The 2026 FIFA World Cup has moved into its next stretch, and Wednesday and Thursday bring a slate that puts two first-timers front and center: the Democratic Republic of the Congo and Uzbekistan. The tournament’s first six days are over, the U.S. and Mexico have already opened with wins, and the schedule now turns to a set of matches that could reshape the early tone of the 48-team event.
That is why Fifa Games Tomorrow is drawing searches now. The guide covers matches across the U.S., Mexico and Canada, with kickoffs listed for Wednesday and Thursday at 10 a.m., 1 p.m., 4 p.m., 7 p.m. and 9 a.m. in the matches highlighted for the opening phase. Cristiano Ronaldo, 41, is in the field for a sixth time, and his Portugal side opens against the Democratic Republic of the Congo, which has waited since 1974 for a return to the tournament.
For the Congo side, the route back has already carried more than one layer of significance. The team qualified by beating Jamaica in extra time in an inter-confederation playoff in March, then saw its final pretournament tuneup against Chile canceled in Spain because of health concerns tied to the Ebola outbreak in Congo. It later played Chile in France and lost 2-1. Before that, its only two defeats in the last year had come against Senegal and Algeria. That is the backdrop to a first game against Portugal, which is ranked fifth and arrives with Ronaldo still chasing another chapter in a career that has already stretched across five previous World Cups.
Uzbekistan brings its own milestone. It is a first-time qualifier and finished second to Iran in its Asian Confederation group, with Eldor Shomurodov leading the national side’s scoring history and appearances while also sharing the lead in Turkey’s Super Lig with 22 scores this season. The rest of the guide carries familiar names with sharp edges: Colombia is back after missing the 2022 tournament; Néstor Lorenzo guided it to a 28-game unbeaten streak between 2022 and 2024; Croatia meets England again after winning their last World Cup meeting in extra time in the 2018 semifinals; and Panama and Ghana begin another test of whether their recent tournament résumés can turn into results.

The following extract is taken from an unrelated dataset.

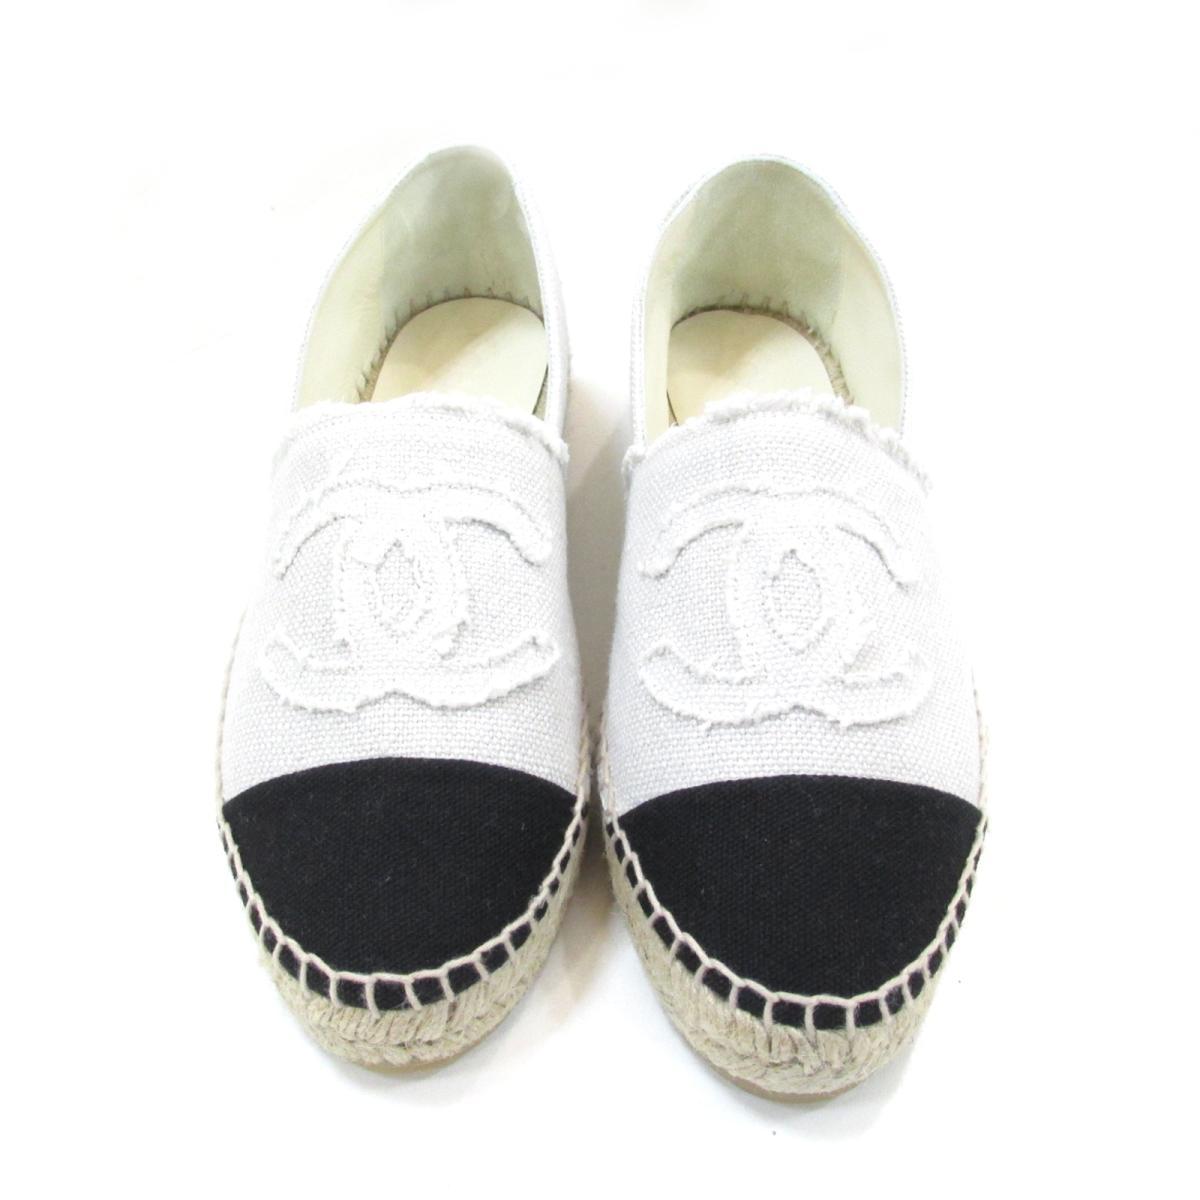 Prix usine 2019 classique chic plus grand choix Chanel espadrille or other lady's canvas white X black | CHANEL BRANDOFF  brand off-brand shoes shoes shoes slip-ons
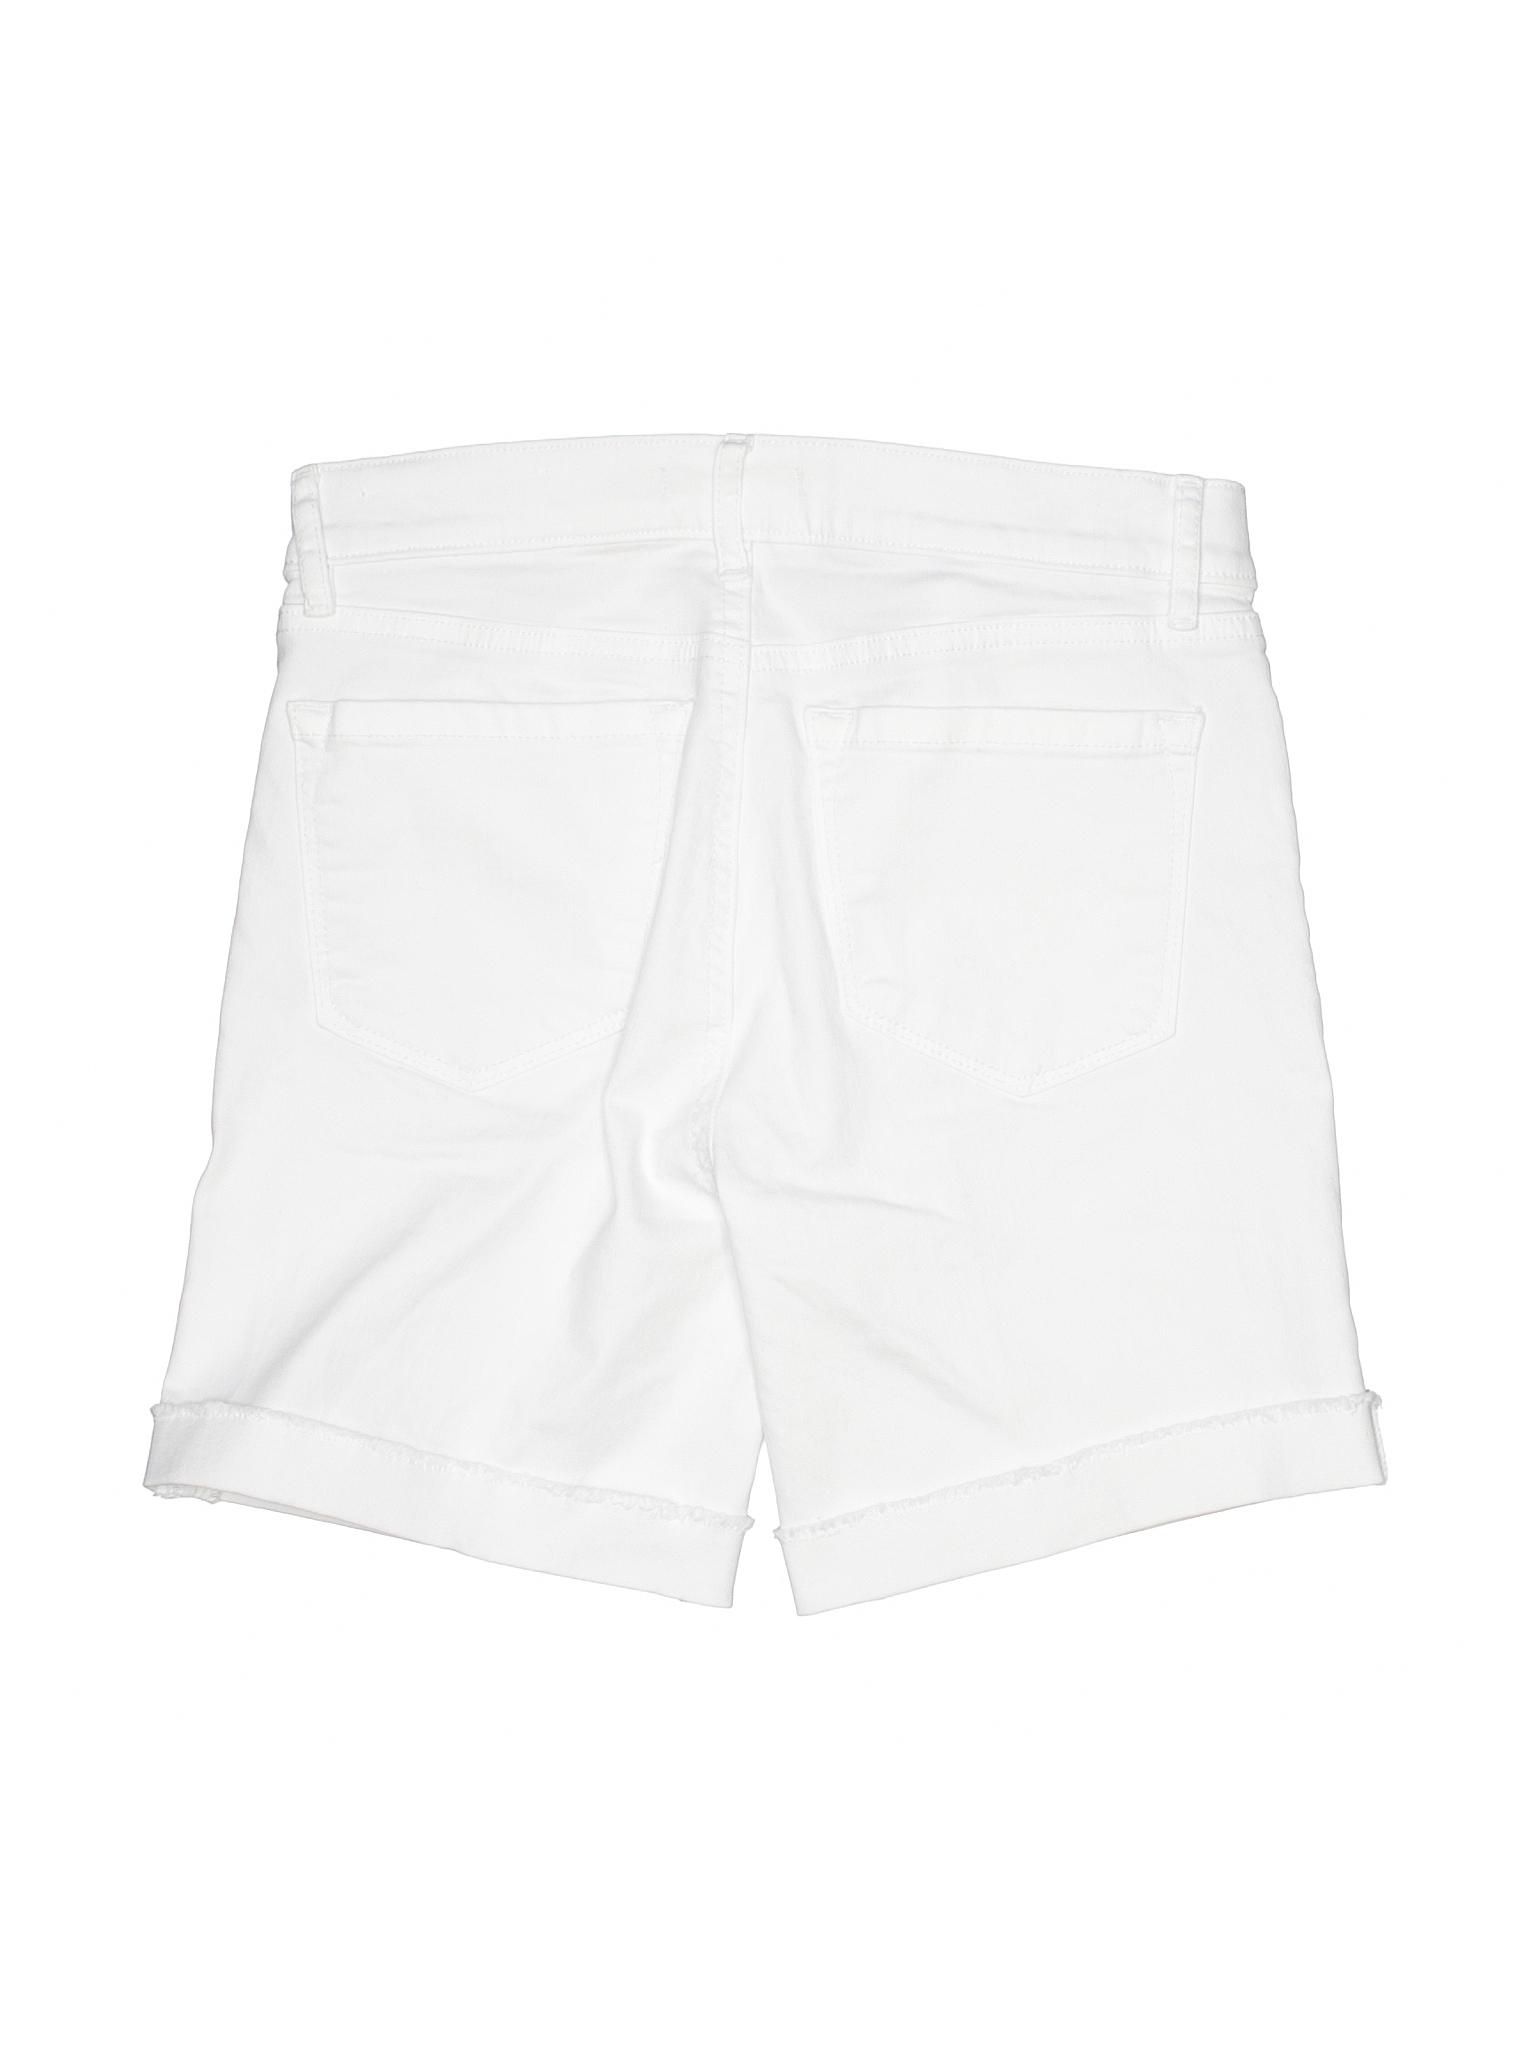 Boutique Denim Shorts Taylor LOFT Ann leisure zwzT6q8a

The other pressure point sits with the teams that have been here before but still have something to prove. Panama has seven players from its 2018 squad back and still seeks its first World Cup win, with Ismael Diaz and captain Anibal Godoy among the returnees. Ghana has qualified for five of the last six World Cups but has not gone beyond the group stage since 2010, and Jordan Ayew remains its all-time leader in caps and active leader in goals. South Africa also enters the week shorthanded, without two key midfielders, a reminder that the opening matches are being shaped as much by absences as by ambition.
The next question is not whether the schedule matters. It already does. It is whether the teams making rare returns, or first appearances, can turn a long wait into a fast start when Wednesday and Thursday finally arrive.